I have just recently moved to Spain and trying to sort myself out with a Mobile phone.

I have to say that I find Spanish Mobile phone contracts to be somewhat confusing and I certainly don't have a degree in sand script interpretation!

I mean in the UK it is simple you pay so much a month and you get so many free minutes and so many free texts and possibly some free internet. But that doesn't appear to be the case here in Spain!

I can't work out for the life of me what exactly it is you get from a mobile phone contract, so I was wondering if anyone on here has a Spanish contract and if so what contract is it and what they pay and what exactly they get for their money?

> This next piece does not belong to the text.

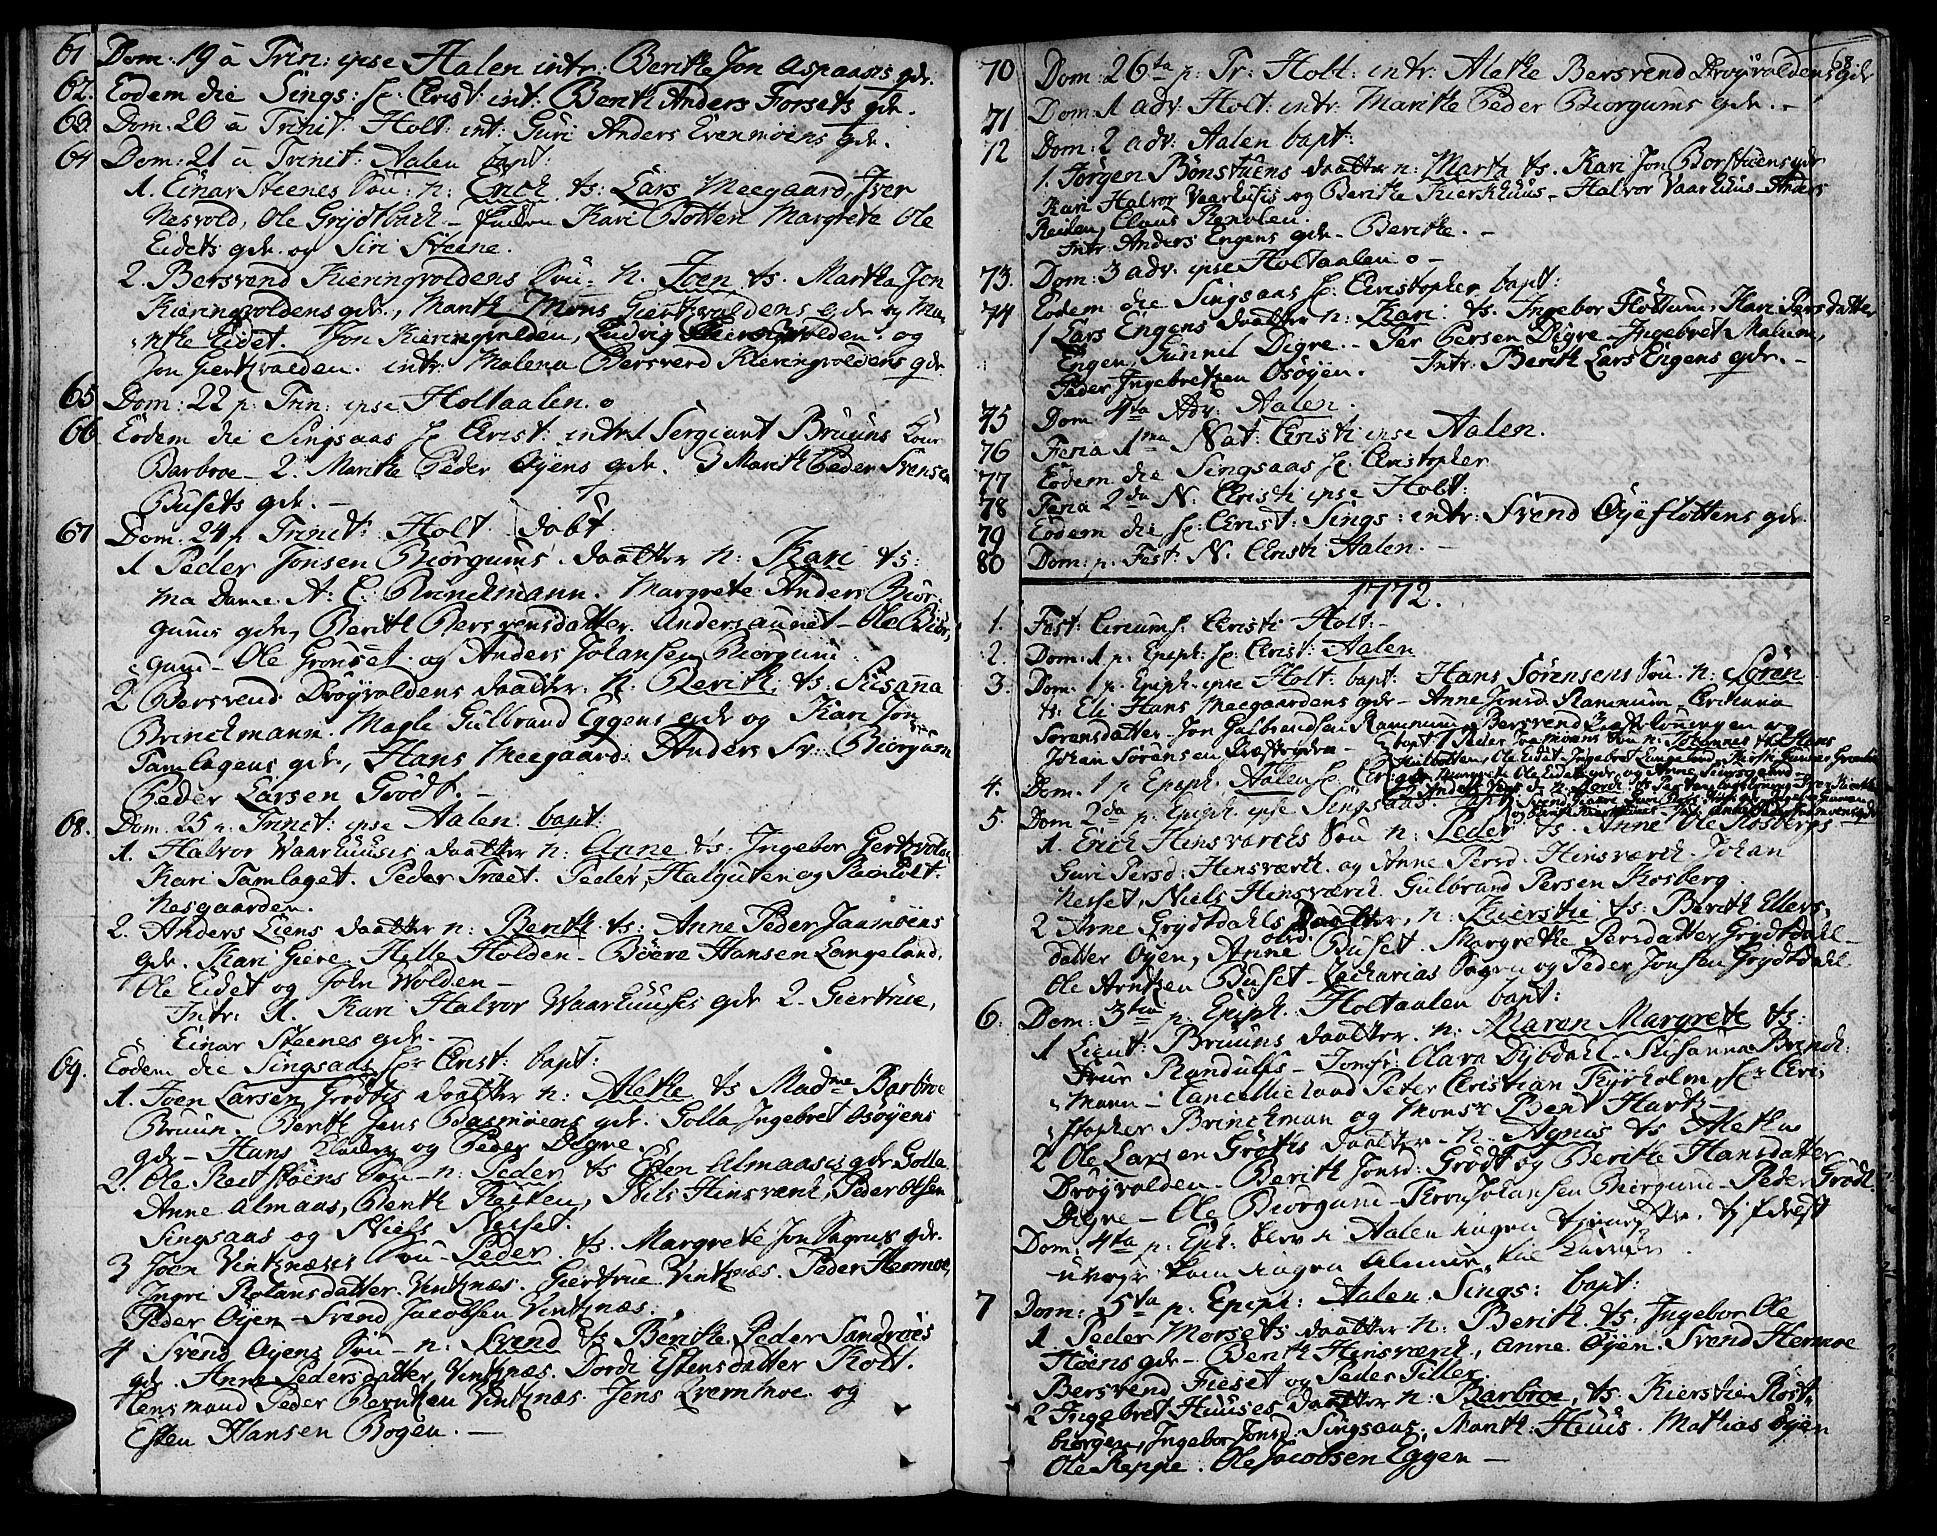 SAT, Ministerialprotokoller, klokkerbøker og fødselsregistre - Sør-Trøndelag, 685/L0952: Ministerialbok nr. 685A01, 1745-1804, s. 68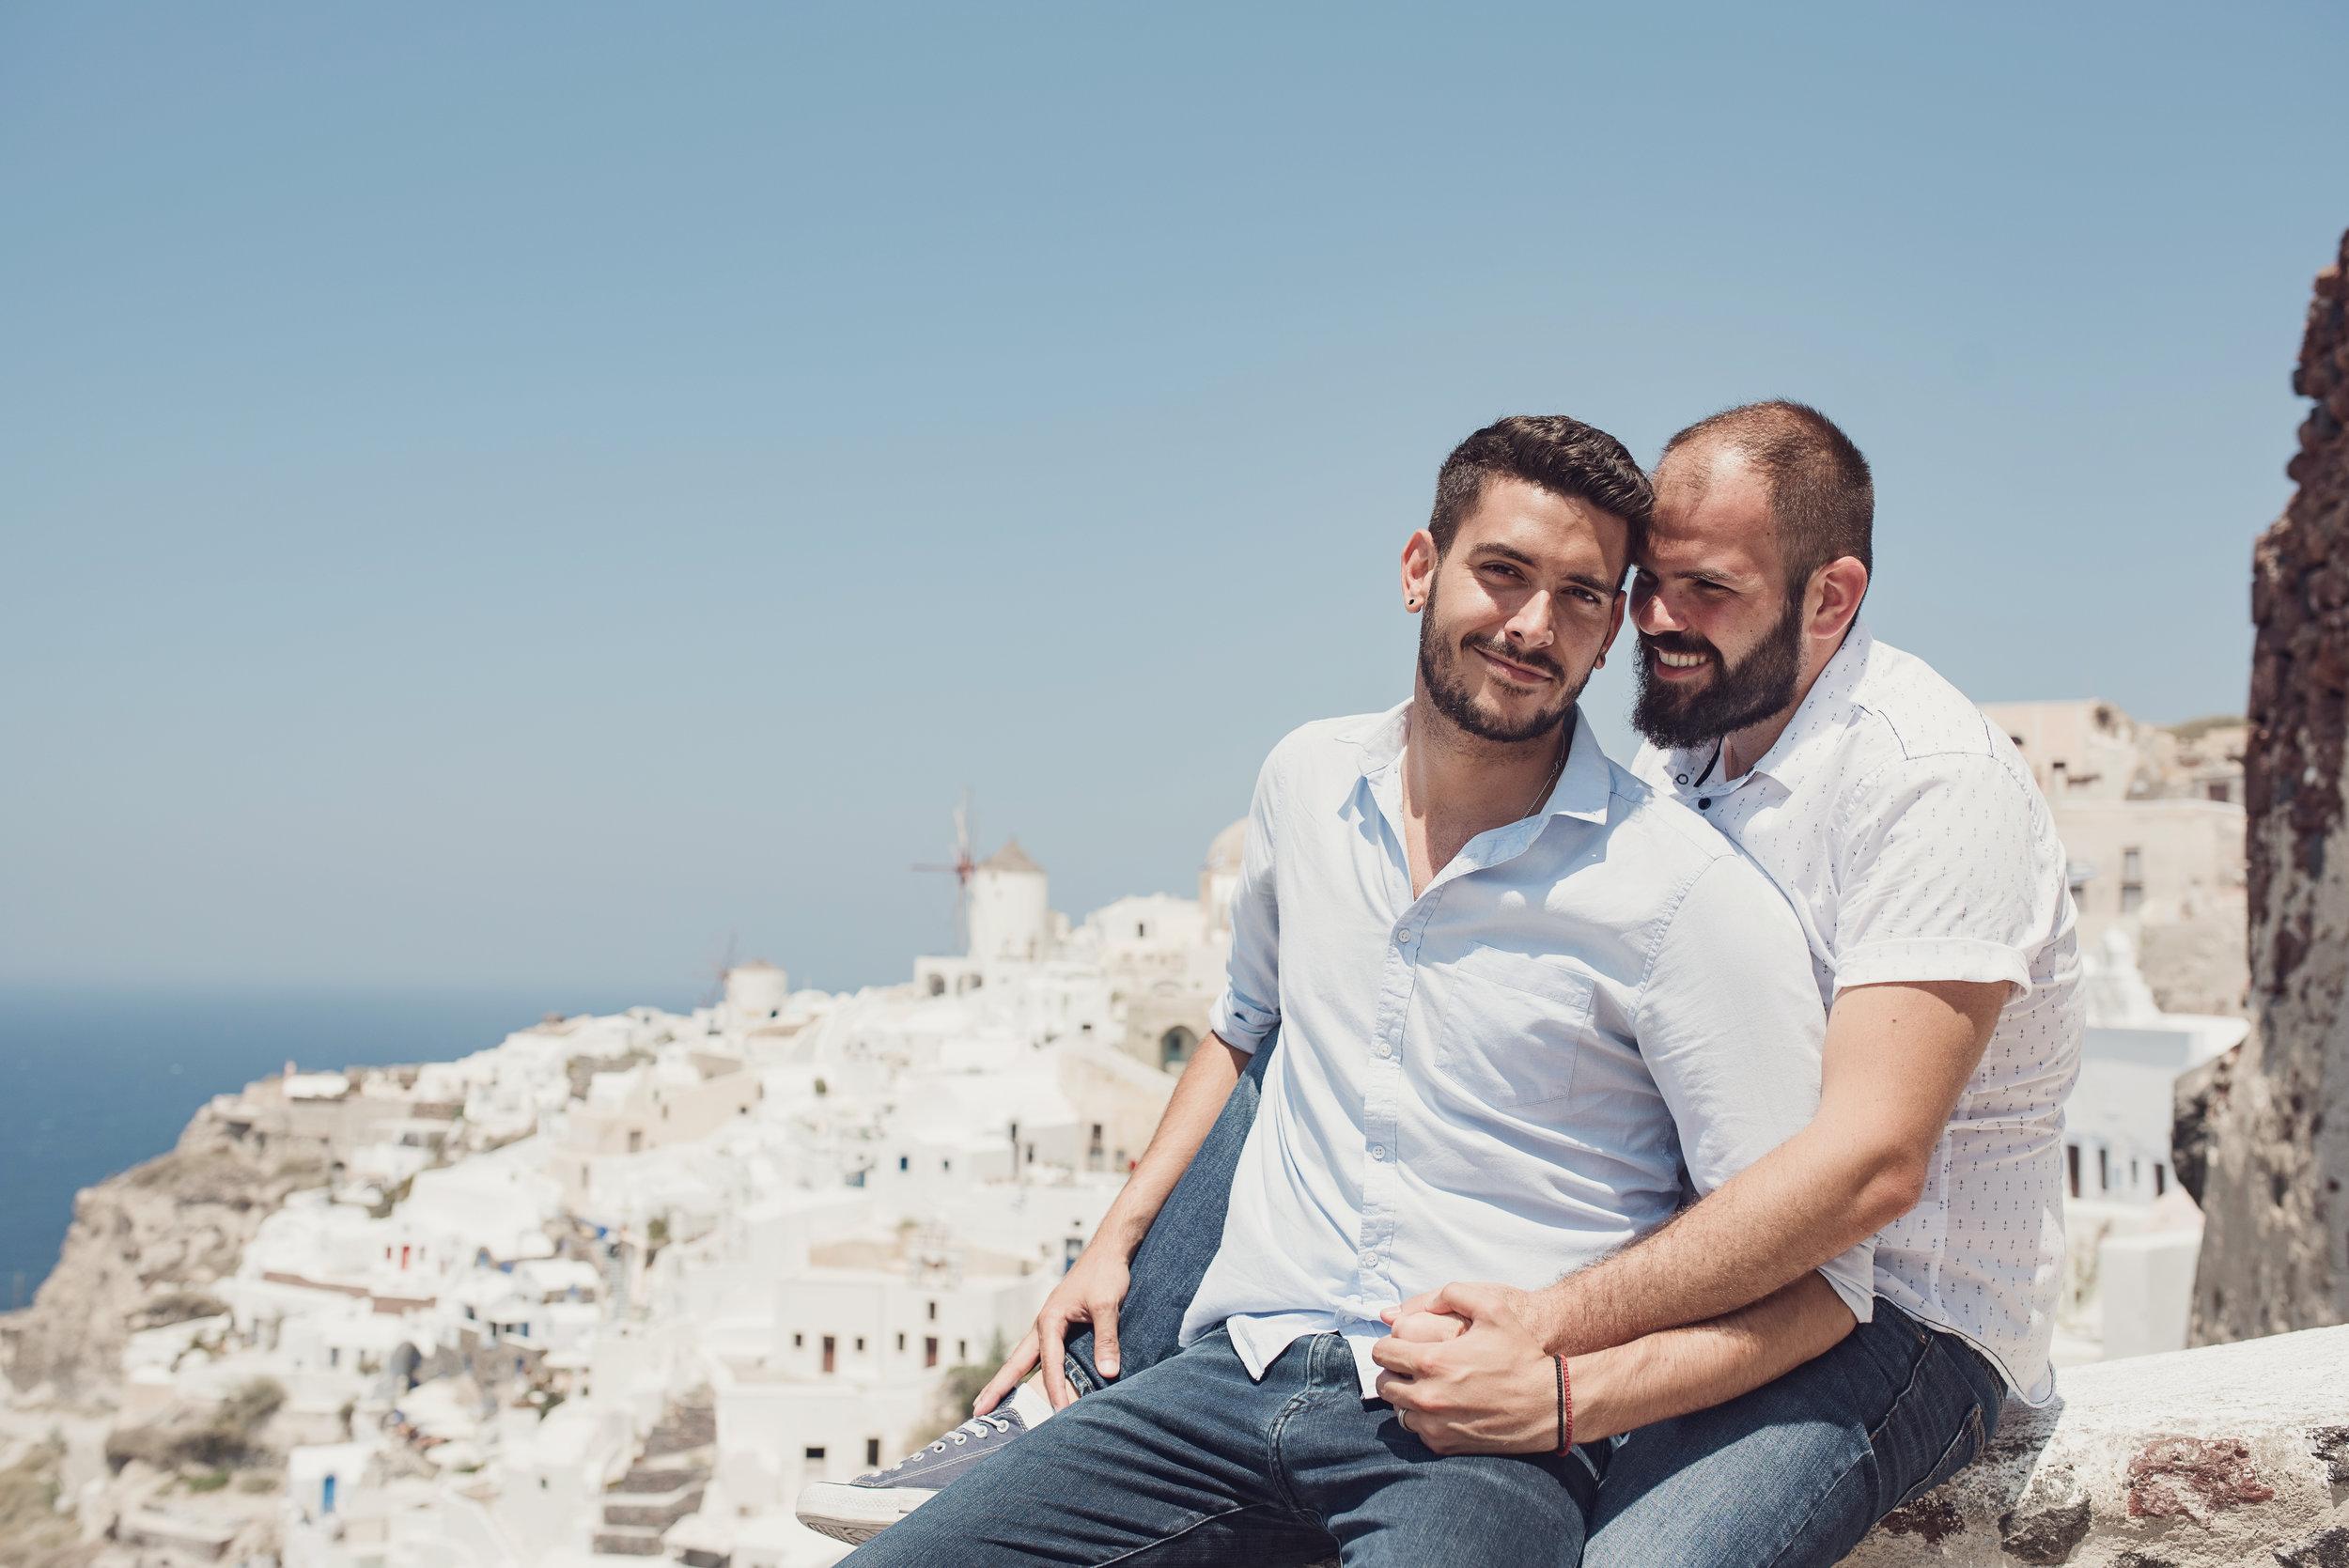 Greg and Christos. Photo credit: Kimon Kaketsis

Unfortunately my Spanish skills let me down on this one but it is a problem I am working on!

Thanks

Jason


----------



## xicoalc (Apr 20, 2010)

Maybe ask in the shops - often they have english speakers who will go through the tarifs with you!


----------



## Alcalaina (Aug 6, 2010)

I don't think it's any different from the UK, you can either do Pay as you Go (_tarjeta_), where you top up at an ATM or whatever when your credit runs out, or else you pay a monthly amount (_contrato_). If you opt for contrato, you get charged a minimum amount per month, payable by direct debit (the cheapest I could find is Orange Ardilla 6 at 6 euros a month) and if you use up more credit than that, you get charged extra directly from your bank account.


----------